Live Action president and founder Lila Rose stated with regard to the case:
Pro-life pregnancy centers are nonprofits on a mission to help women find alternatives to abortion. Forcing pro-life pregnancy centers to promote abortion and provide free advertising for abortion facilities is morally reprehensible and a naked abuse of government power. Compelling pro-abortion speech from pro-lifers is also unconstitutional.
NARAL and Planned Parenthood worked closely with California politicians to pass this law, yet just two years prior, they pushed for and celebrated when California repealed its law requiring abortion facilities to disclose alternatives to abortion to their clients. Their hypocrisy knows no bounds.

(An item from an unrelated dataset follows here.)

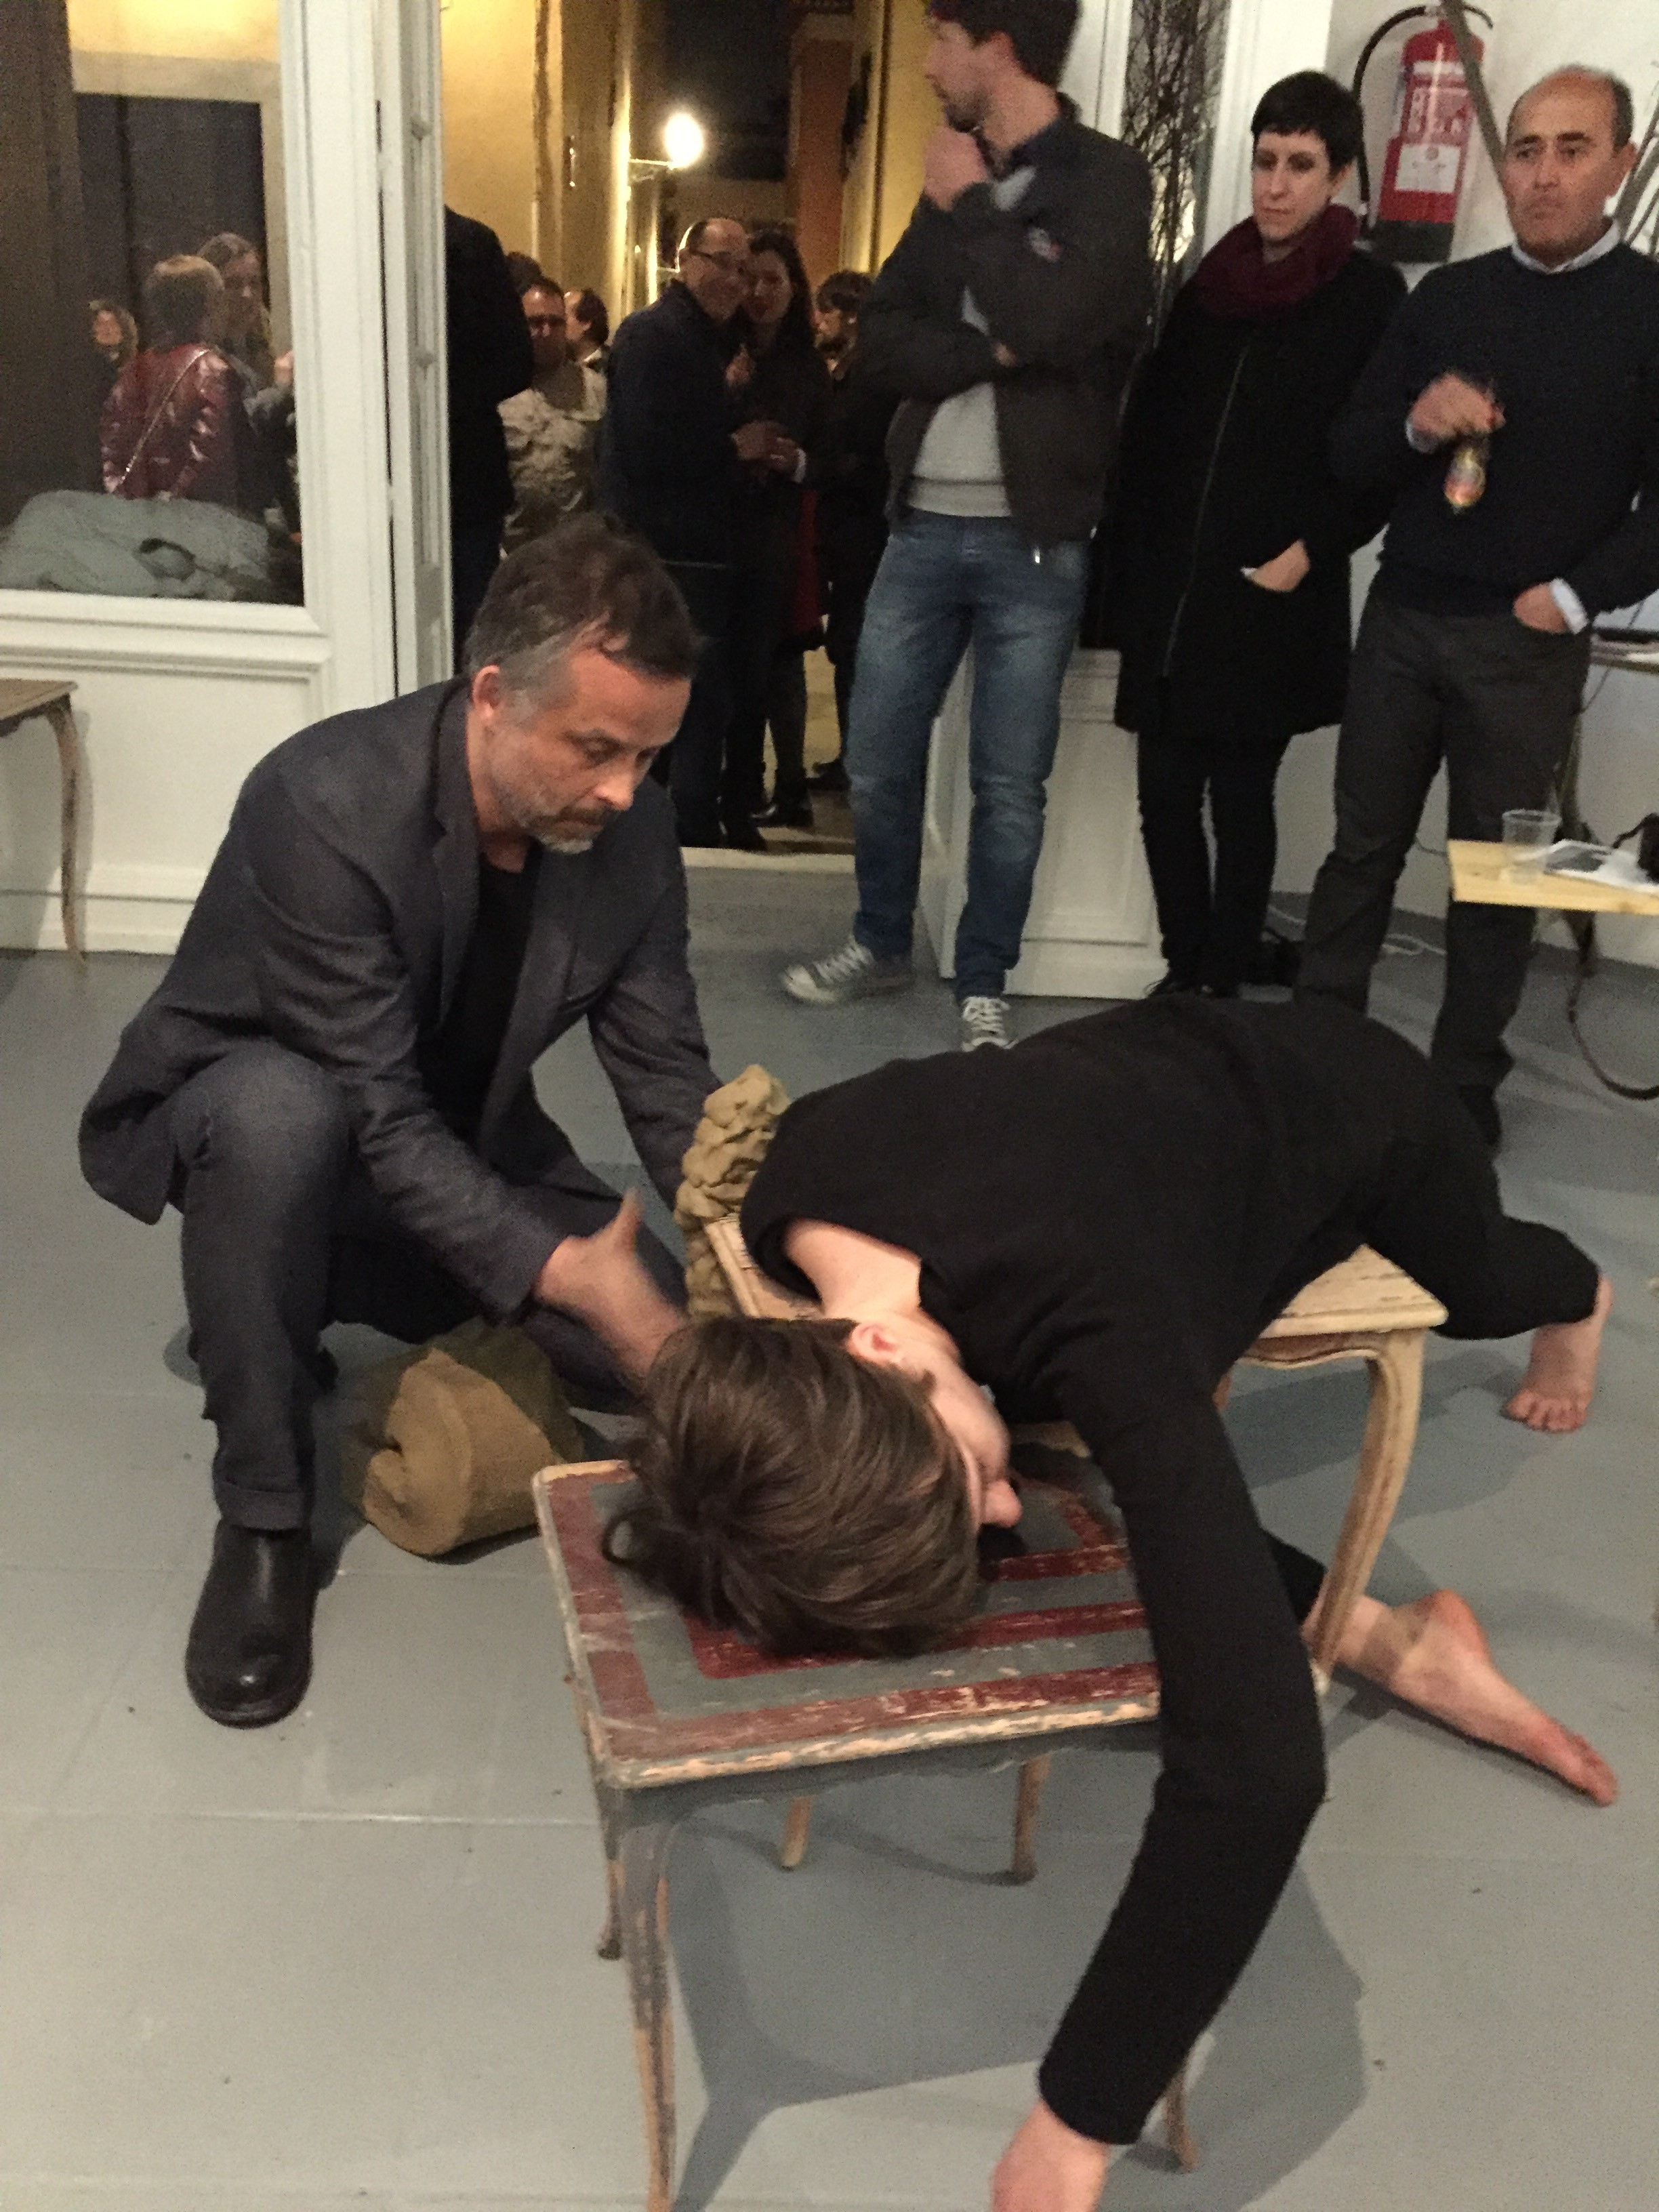 Empieza la escultura viva. Instalación con mesas, barro y persona.

If anyone needed proof of the abortion industry’s true agenda, they have it in this case: Don’t talk about adoption, don’t talk about prenatal care, but convince women to have abortions and pass laws to force pro-life pregnancy centers to do the same.
This isn’t just a California issue. The abortion lobby has tried pushing similar laws in other states, and federal courts have struck them down. I am hopeful that the Supreme Court will see this absurd law for the blatant violation of free speech that it is and end this attack on pro-life pregnancy centers — and preborn children — once and for all.
Pro-lifers have a hopeful track record when it comes to their First Amendment rights being upheld by the Supreme Court. The 2014 term handed down victories to pro-lifers with regards to political ads and for sidewalk counselors affected by buffer zones in Susan B. Anthony List v. Driehaus and McCullen v. Coakley, respectively. Both were unanimous decisions.